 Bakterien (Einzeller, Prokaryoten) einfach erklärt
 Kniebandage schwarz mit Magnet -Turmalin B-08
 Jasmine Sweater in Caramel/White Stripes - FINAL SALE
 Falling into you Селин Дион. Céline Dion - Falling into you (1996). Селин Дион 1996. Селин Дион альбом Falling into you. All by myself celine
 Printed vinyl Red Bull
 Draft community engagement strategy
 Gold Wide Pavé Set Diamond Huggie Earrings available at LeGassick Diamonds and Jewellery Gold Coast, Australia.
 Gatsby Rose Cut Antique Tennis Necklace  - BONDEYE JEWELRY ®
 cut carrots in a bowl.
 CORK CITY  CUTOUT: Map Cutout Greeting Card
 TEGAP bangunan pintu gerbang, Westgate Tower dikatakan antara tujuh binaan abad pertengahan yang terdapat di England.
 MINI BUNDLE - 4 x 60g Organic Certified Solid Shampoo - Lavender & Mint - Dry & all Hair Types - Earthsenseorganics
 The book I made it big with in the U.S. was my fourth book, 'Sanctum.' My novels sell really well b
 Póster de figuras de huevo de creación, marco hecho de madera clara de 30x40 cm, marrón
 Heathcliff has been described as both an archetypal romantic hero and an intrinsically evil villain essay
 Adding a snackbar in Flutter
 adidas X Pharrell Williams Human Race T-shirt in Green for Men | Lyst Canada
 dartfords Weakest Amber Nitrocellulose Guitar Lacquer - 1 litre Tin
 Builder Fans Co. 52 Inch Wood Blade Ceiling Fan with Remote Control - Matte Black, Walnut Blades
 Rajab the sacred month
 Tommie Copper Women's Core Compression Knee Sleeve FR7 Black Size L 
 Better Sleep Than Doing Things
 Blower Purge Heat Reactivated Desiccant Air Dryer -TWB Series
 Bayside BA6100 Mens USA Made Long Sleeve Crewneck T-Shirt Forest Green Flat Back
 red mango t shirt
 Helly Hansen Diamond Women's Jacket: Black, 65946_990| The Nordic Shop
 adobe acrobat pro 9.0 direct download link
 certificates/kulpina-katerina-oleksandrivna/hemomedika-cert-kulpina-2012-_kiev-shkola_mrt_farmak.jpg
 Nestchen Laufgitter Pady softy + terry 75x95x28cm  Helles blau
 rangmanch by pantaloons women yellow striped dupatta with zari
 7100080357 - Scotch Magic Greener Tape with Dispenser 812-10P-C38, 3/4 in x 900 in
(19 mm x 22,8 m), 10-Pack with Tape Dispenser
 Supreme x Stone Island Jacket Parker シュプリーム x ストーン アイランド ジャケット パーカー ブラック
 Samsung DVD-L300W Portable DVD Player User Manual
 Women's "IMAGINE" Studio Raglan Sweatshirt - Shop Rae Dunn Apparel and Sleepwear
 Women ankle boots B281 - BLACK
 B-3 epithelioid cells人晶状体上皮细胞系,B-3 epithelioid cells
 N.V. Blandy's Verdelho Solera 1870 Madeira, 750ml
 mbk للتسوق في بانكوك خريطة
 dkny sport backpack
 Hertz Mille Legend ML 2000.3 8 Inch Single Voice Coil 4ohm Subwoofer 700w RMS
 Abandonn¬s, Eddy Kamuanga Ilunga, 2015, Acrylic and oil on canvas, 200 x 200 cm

**WHAT IS REQUIRED**
Only the lines from the beginning of the listing through the line containing "Apparel and Sleepwear" are wanted, each restated word for word.

**EXERCISE OUTPUT**
 Bakterien (Einzeller, Prokaryoten) einfach erklärt
 Kniebandage schwarz mit Magnet -Turmalin B-08
 Jasmine Sweater in Caramel/White Stripes - FINAL SALE
 Falling into you Селин Дион. Céline Dion - Falling into you (1996). Селин Дион 1996. Селин Дион альбом Falling into you. All by myself celine
 Printed vinyl Red Bull
 Draft community engagement strategy
 Gold Wide Pavé Set Diamond Huggie Earrings available at LeGassick Diamonds and Jewellery Gold Coast, Australia.
 Gatsby Rose Cut Antique Tennis Necklace  - BONDEYE JEWELRY ®
 cut carrots in a bowl.
 CORK CITY  CUTOUT: Map Cutout Greeting Card
 TEGAP bangunan pintu gerbang, Westgate Tower dikatakan antara tujuh binaan abad pertengahan yang terdapat di England.
 MINI BUNDLE - 4 x 60g Organic Certified Solid Shampoo - Lavender & Mint - Dry & all Hair Types - Earthsenseorganics
 The book I made it big with in the U.S. was my fourth book, 'Sanctum.' My novels sell really well b
 Póster de figuras de huevo de creación, marco hecho de madera clara de 30x40 cm, marrón
 Heathcliff has been described as both an archetypal romantic hero and an intrinsically evil villain essay
 Adding a snackbar in Flutter
 adidas X Pharrell Williams Human Race T-shirt in Green for Men | Lyst Canada
 dartfords Weakest Amber Nitrocellulose Guitar Lacquer - 1 litre Tin
 Builder Fans Co. 52 Inch Wood Blade Ceiling Fan with Remote Control - Matte Black, Walnut Blades
 Rajab the sacred month
 Tommie Copper Women's Core Compression Knee Sleeve FR7 Black Size L 
 Better Sleep Than Doing Things
 Blower Purge Heat Reactivated Desiccant Air Dryer -TWB Series
 Bayside BA6100 Mens USA Made Long Sleeve Crewneck T-Shirt Forest Green Flat Back
 red mango t shirt
 Helly Hansen Diamond Women's Jacket: Black, 65946_990| The Nordic Shop
 adobe acrobat pro 9.0 direct download link
 certificates/kulpina-katerina-oleksandrivna/hemomedika-cert-kulpina-2012-_kiev-shkola_mrt_farmak.jpg
 Nestchen Laufgitter Pady softy + terry 75x95x28cm  Helles blau
 rangmanch by pantaloons women yellow striped dupatta with zari
 7100080357 - Scotch Magic Greener Tape with Dispenser 812-10P-C38, 3/4 in x 900 in
(19 mm x 22,8 m), 10-Pack with Tape Dispenser
 Supreme x Stone Island Jacket Parker シュプリーム x ストーン アイランド ジャケット パーカー ブラック
 Samsung DVD-L300W Portable DVD Player User Manual
 Women's "IMAGINE" Studio Raglan Sweatshirt - Shop Rae Dunn Apparel and Sleepwear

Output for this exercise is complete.